Let $$\alpha$$ be a positive real number. Let $$f: \mathbb{R} \to \mathbb{R}$$ and $$g: (\alpha, \infty) \to \mathbb{R}$$ be the functions defined by

$$f(x) = \sin\left(\frac{\pi x}{12}\right)$$ and $$g(x) = \frac{2\log_e(\sqrt{x} - \sqrt{\alpha})}{\log_e(e^{\sqrt{x}} - e^{\sqrt{\alpha}})}$$.

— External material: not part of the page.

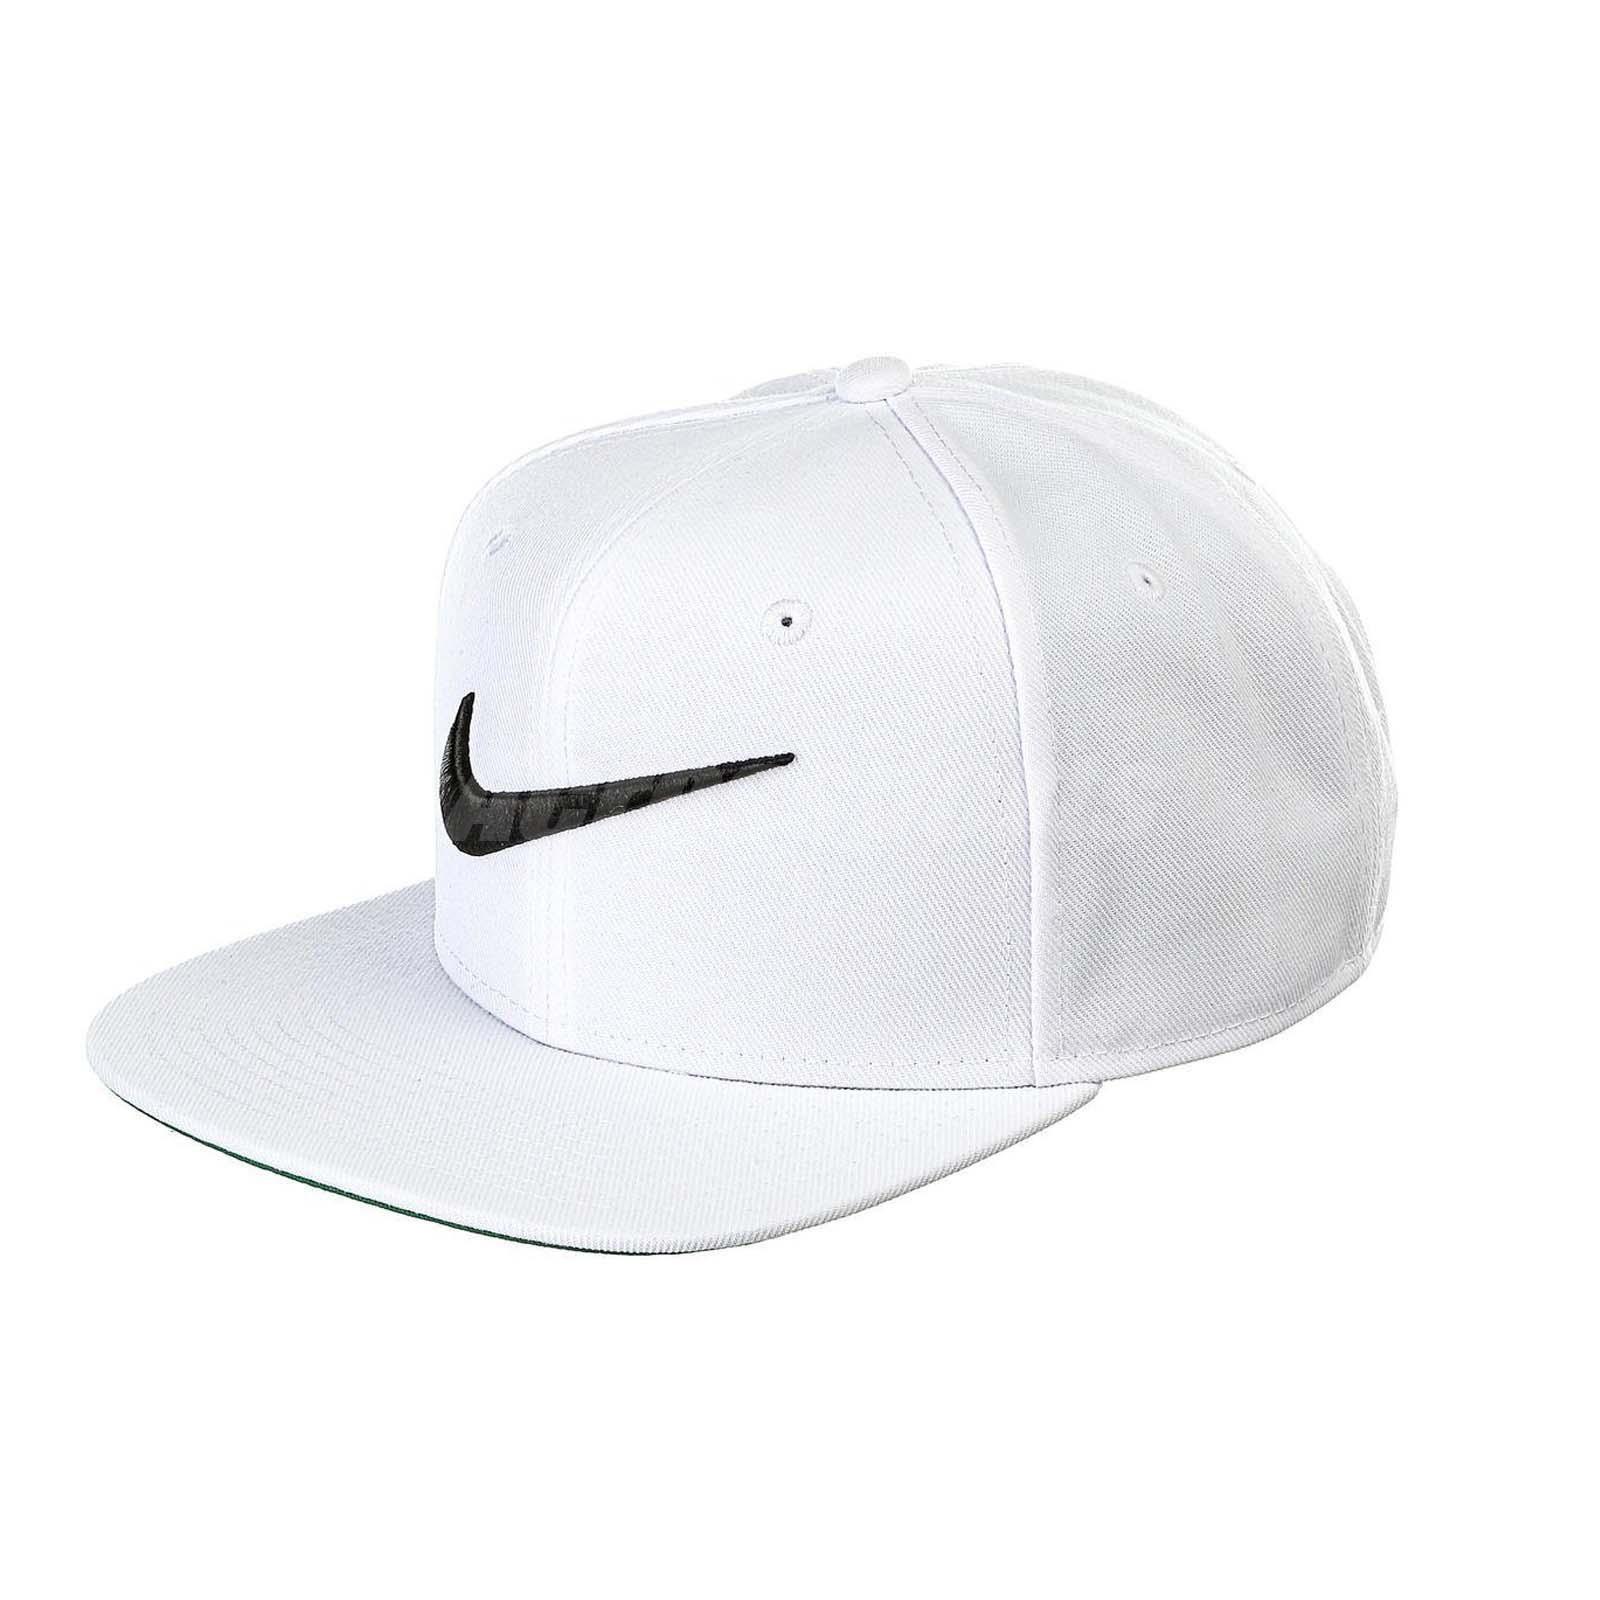 Nike White Plain Polyester Caps
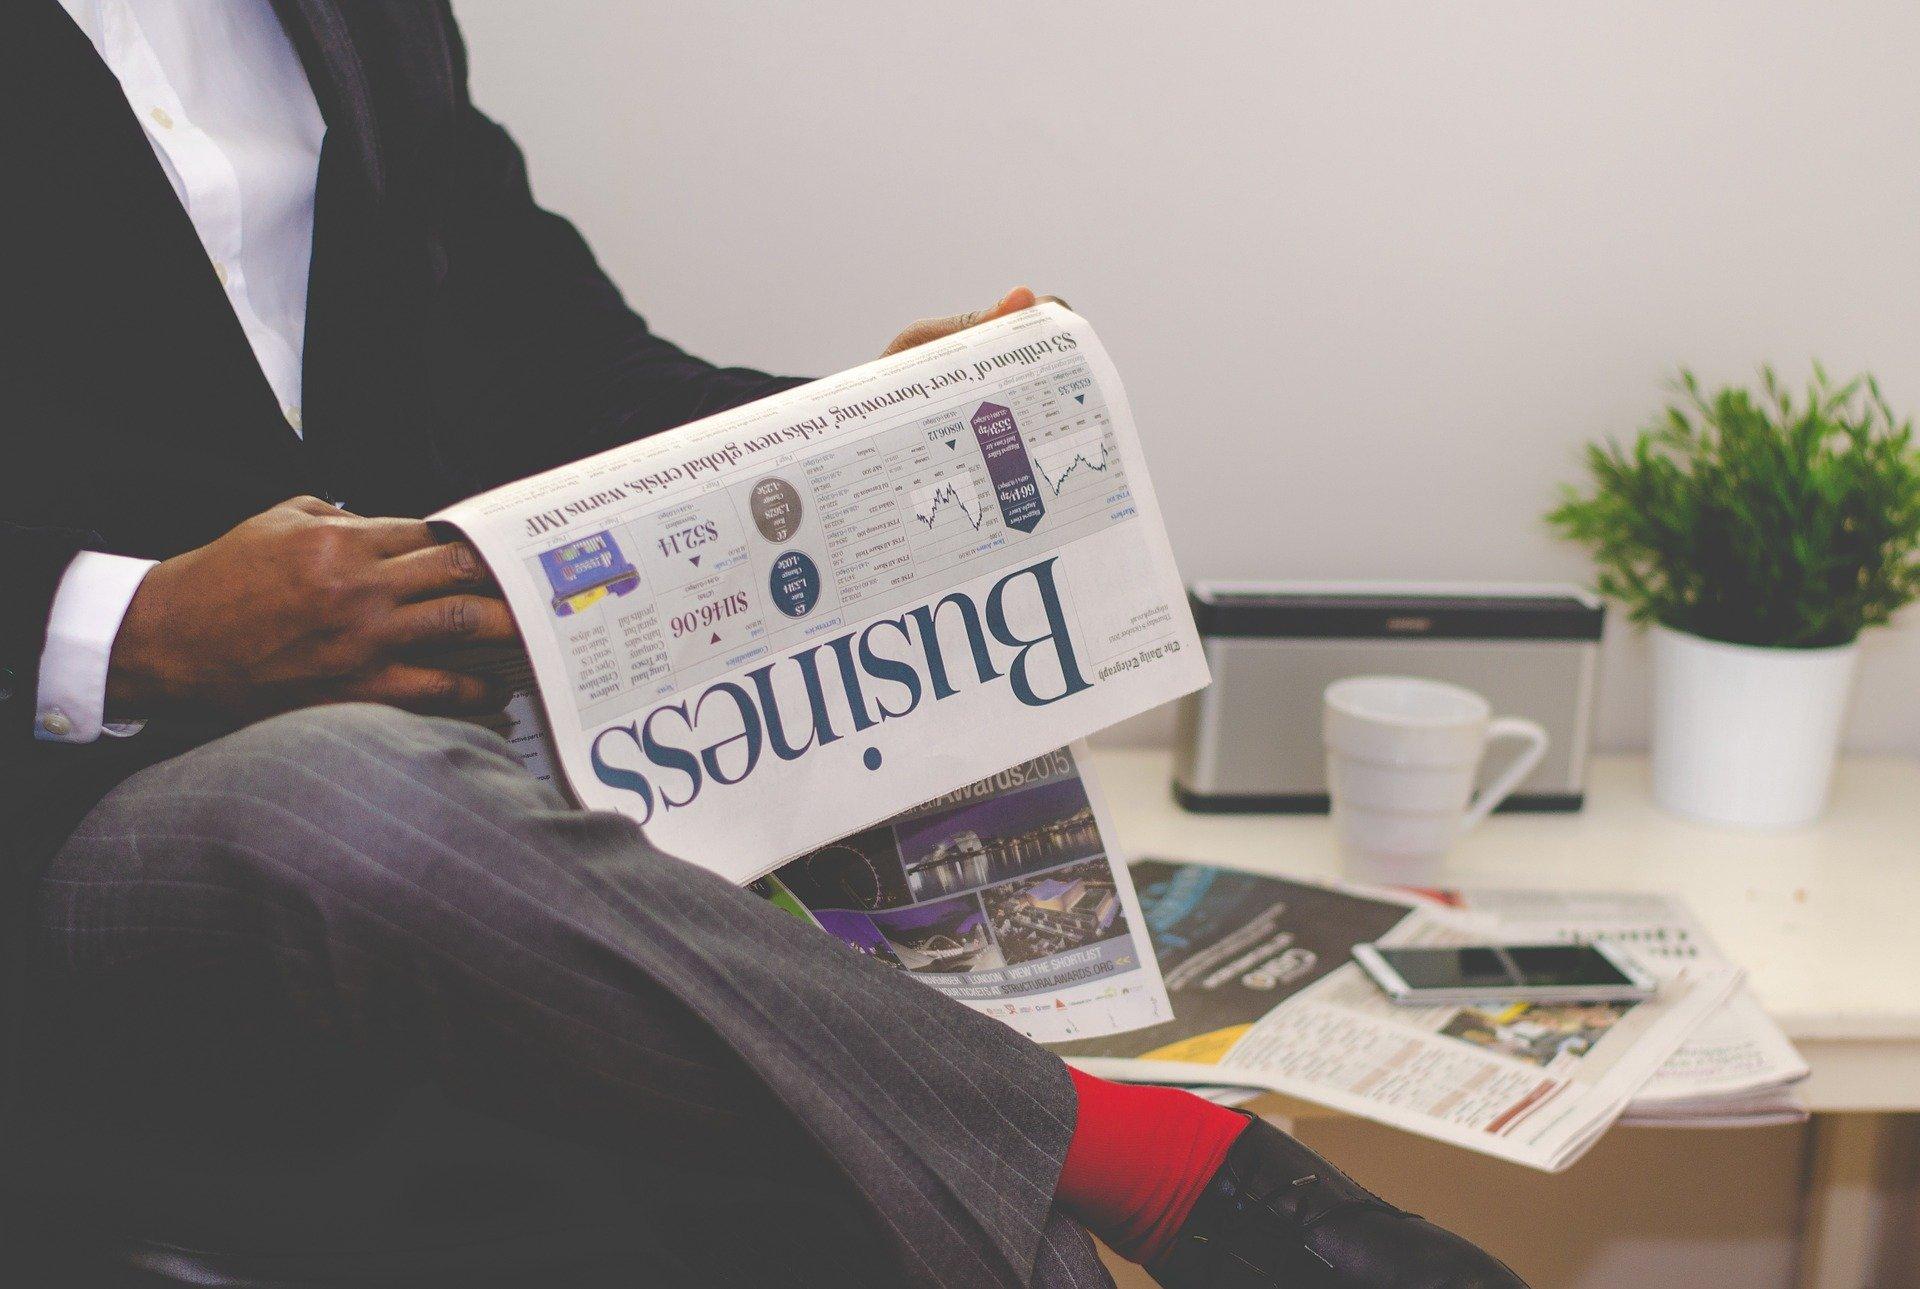 Comunicato stampa: come utilizzarlo per fare marketing

Then the value of $$\lim_{x \to \alpha^+} f(g(x))$$ is ______.

We have to find $$\displaystyle\lim_{x\to\alpha^{+}} f(g(x))$$ where

$$f(x)=\sin\!\left(\frac{\pi x}{12}\right), \qquad g(x)=\frac{2\ln\!\bigl(\sqrt{x}-\sqrt{\alpha}\bigr)}{\ln\!\bigl(e^{\sqrt{x}}-e^{\sqrt{\alpha}}\bigr)}, \qquad \alpha \gt 0.$$

Step 1 : Rewrite the limit of $$g(x)$$ as $$x\to\alpha^{+}$$.

Set $$h=\sqrt{x}-\sqrt{\alpha}, \qquad h\gt 0$$ when $$x\to\alpha^{+}.$$ Then $$\sqrt{x}=\sqrt{\alpha}+h \;\;\Longrightarrow\;\; x=(\sqrt{\alpha}+h)^{2}.$$ Consequently $$h\to0^{+}$$ is equivalent to $$x\to\alpha^{+}.$$

Step 2 : Express numerator and denominator of $$g(x)$$ in terms of $$h$$.

Numerator:

$$2\ln\!\bigl(\sqrt{x}-\sqrt{\alpha}\bigr)=2\ln h.$$

Denominator:

$$\ln\!\bigl(e^{\sqrt{x}}-e^{\sqrt{\alpha}}\bigr) =\ln\!\Bigl(e^{\sqrt{\alpha}+h}-e^{\sqrt{\alpha}}\Bigr) =\ln\!\Bigl(e^{\sqrt{\alpha}}\bigl(e^{h}-1\bigr)\Bigr)$$

$$=\ln\!\bigl(e^{\sqrt{\alpha}}\bigr)+\ln\!\bigl(e^{h}-1\bigr) =\sqrt{\alpha}+\ln\!\bigl(e^{h}-1\bigr).$$

Step 3 : Use the first-order expansion of $$e^{h}-1$$ for small $$h$$.

For $$h\to0^{+},\;\; e^{h}-1=h+\dfrac{h^{2}}{2}+O(h^{3}).$$ Hence

$$\ln\!\bigl(e^{h}-1\bigr) =\ln h+\ln\!\Bigl(1+\dfrac{h}{2}+O(h^{2})\Bigr) =\ln h+O(h).$$

Therefore

$$\text{Denominator}= \sqrt{\alpha}+\ln h+O(h).$$

Step 4 : Evaluate the limit of $$g(x)$$.

Combine the results:

$$g(x)=\frac{2\ln h}{\ln h+\sqrt{\alpha}+O(h)} =\frac{2}{1+\dfrac{\sqrt{\alpha}+O(h)}{\ln h}}.$$

As $$h\to0^{+},\; \ln h\to-\infty\;$$ so $$\dfrac{\sqrt{\alpha}+O(h)}{\ln h}\to0.$$ Thus

$$\lim_{h\to0^{+}} g(x)=2.$$

Step 5 : Apply $$f(x)=\sin\!\left(\dfrac{\pi x}{12}\right)$$ to this limit.

$$\lim_{x\to\alpha^{+}} f\!\bigl(g(x)\bigr) =\sin\!\left(\frac{\pi}{12}\times\lim_{x\to\alpha^{+}} g(x)\right) =\sin\!\left(\frac{\pi}{12}\times2\right) =\sin\!\left(\frac{\pi}{6}\right) =\frac12.$$

Therefore the required limit equals 0.50.